The Micro Handpiece is the latest addition to the company’s Renuvion product line. It is cleared with an indication for the delivery of radiofrequency (RF) energy or helium plasma where coagulation and contraction of soft tissue are needed, including subcutaneous tissue.
“The Renuvion Micro Handpiece represents a new addition to our Advanced Energy product portfolio, designed with the needs of our surgeon customers in the cosmetic surgery market in mind,” President and CEO Charlie Goodwin said in a news release. “Most notably, our Renuvion Micro Handpiece features include a smaller instrument shaft, which is 10 cm long and 1.5mm wide, half the width of our Renuvion APR Handpiece.
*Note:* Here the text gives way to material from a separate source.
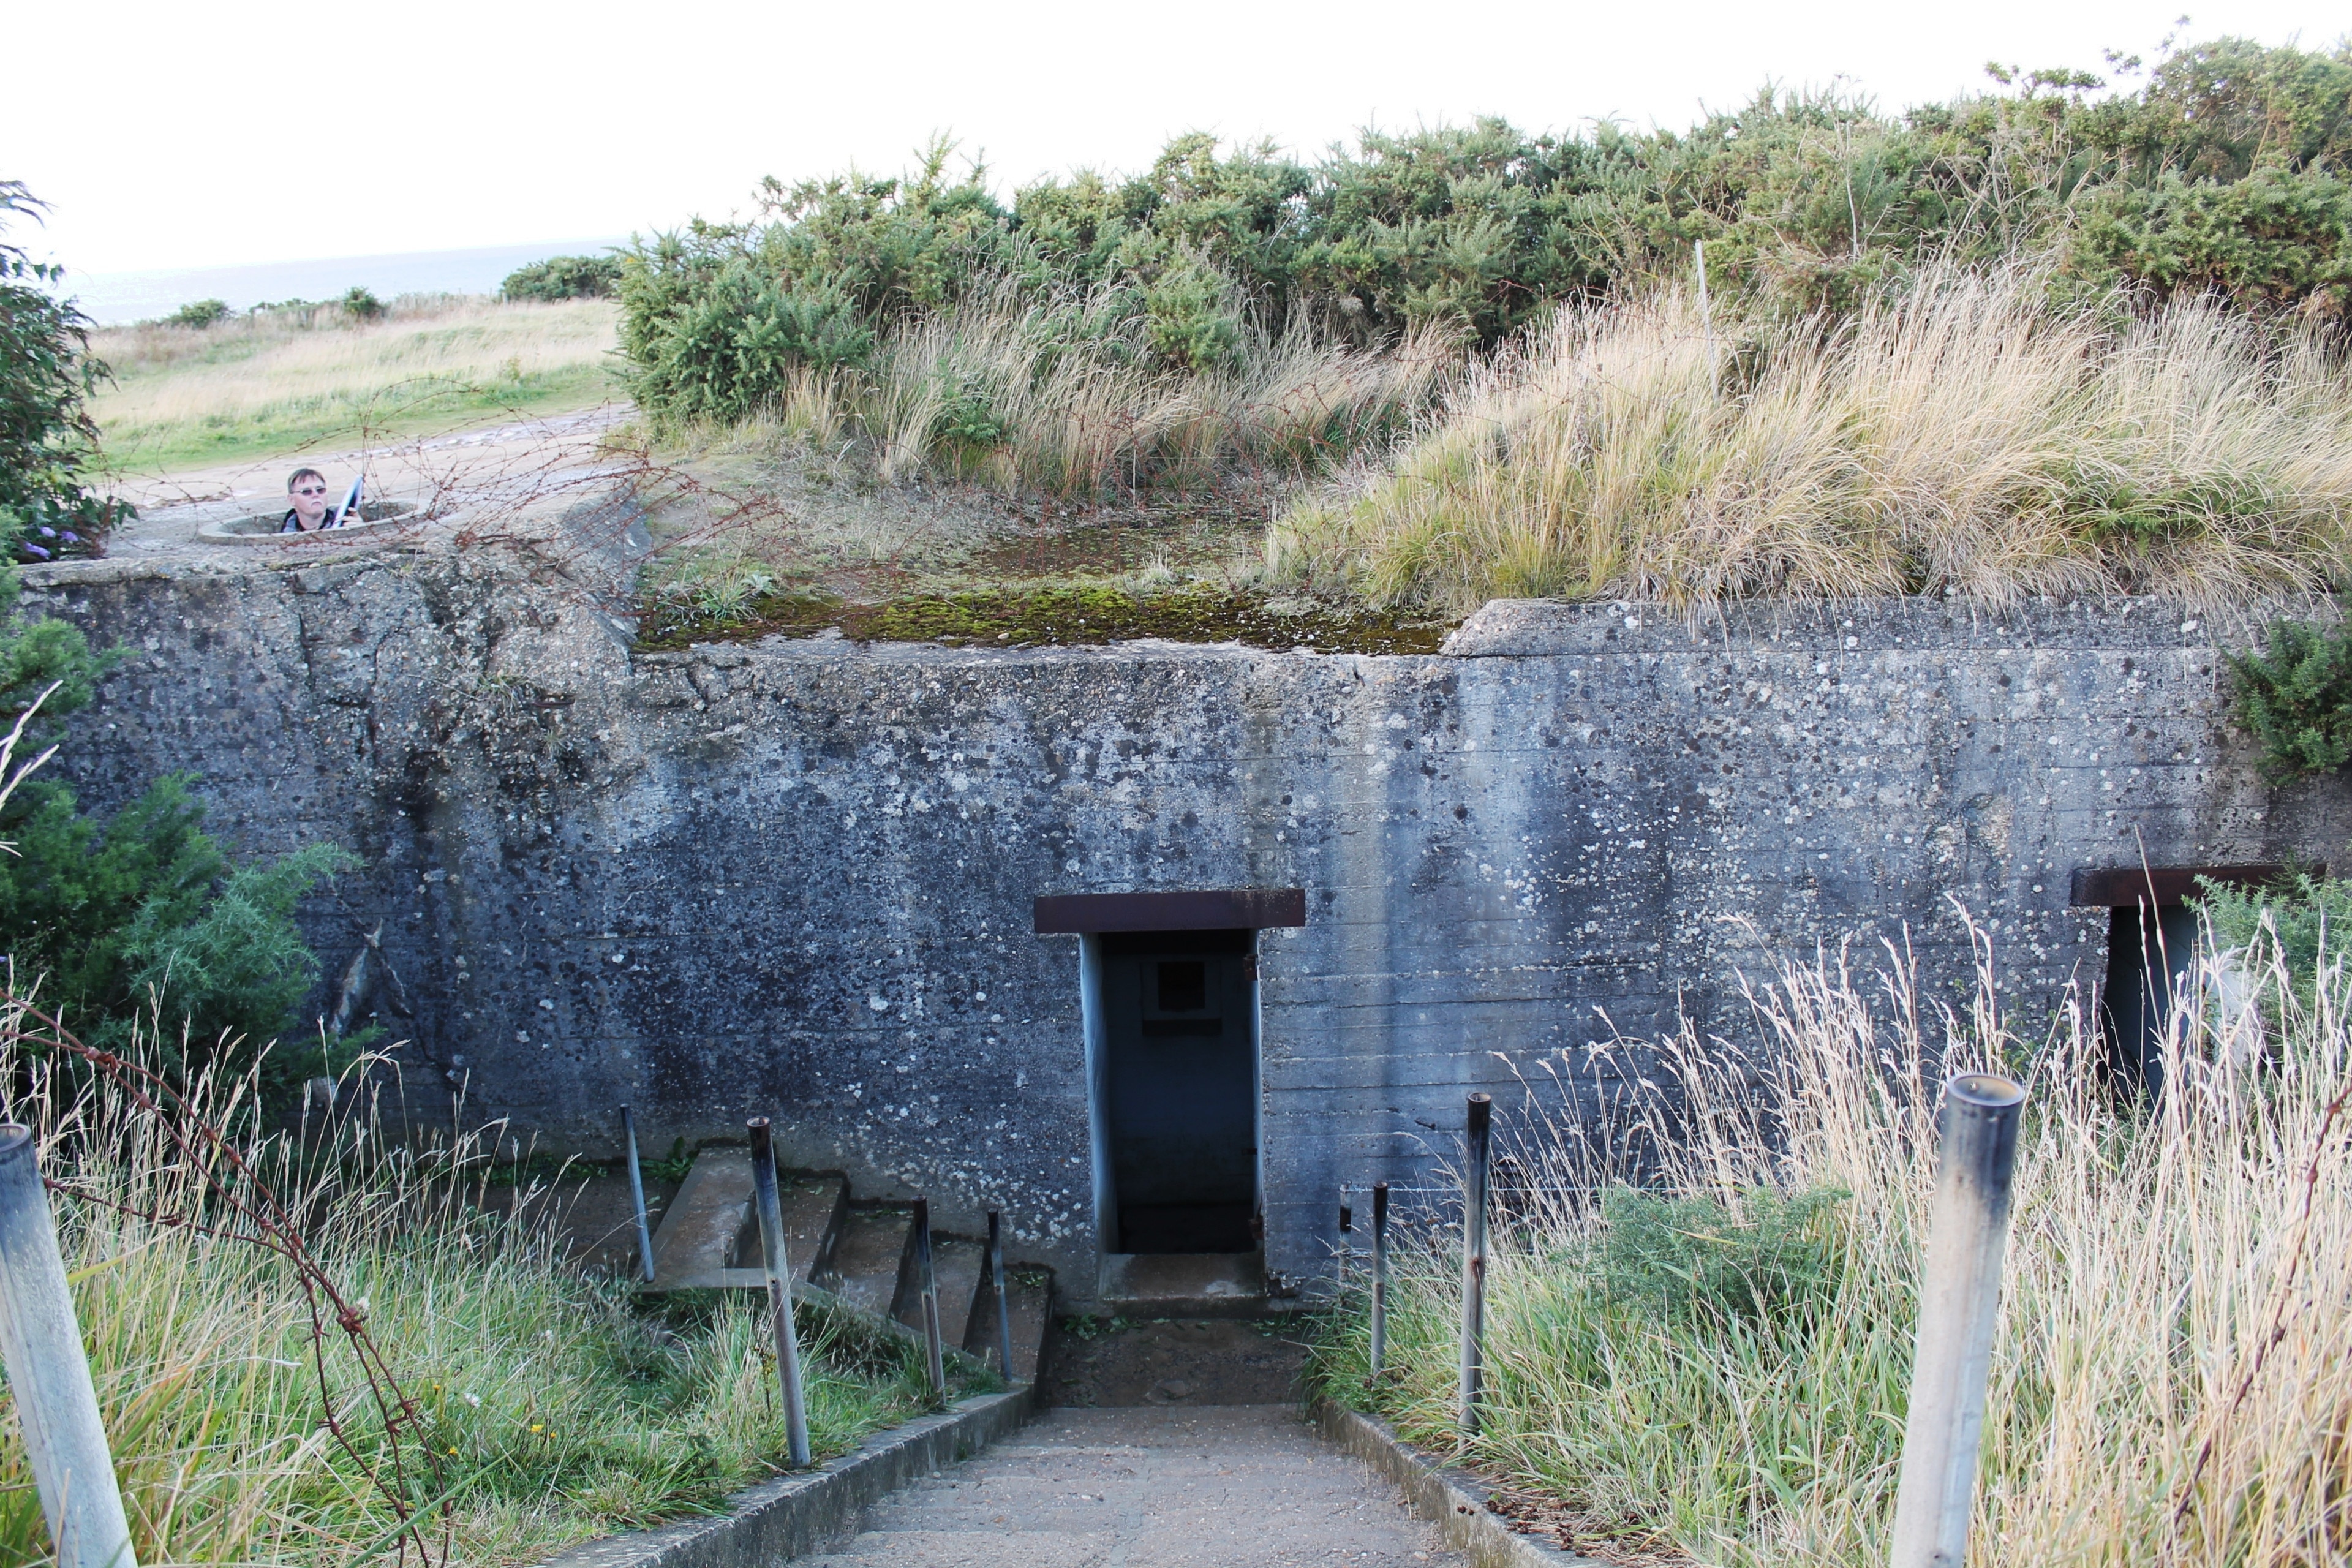 The old World War 2 German bunkers. A very interesting site

It complements our existing product portfolio, providing our customers with a new option to facilitate soft tissue contraction in those cases that may benefit from the use of a handpiece with a smaller profile. The Renuvion Micro Handpiece is designed for use with the Apyx One Console, our next-generation generator system which we launched at the beginning of 2023.”
Renuvion is FDA-cleared to improve the appearance of loose skin on the neck and chin. It is also cleared for specific dermatological procedures for the treatment of moderate to severe wrinkles and rhytides, limited to patients with Fitzpatrick skin types I, II or III.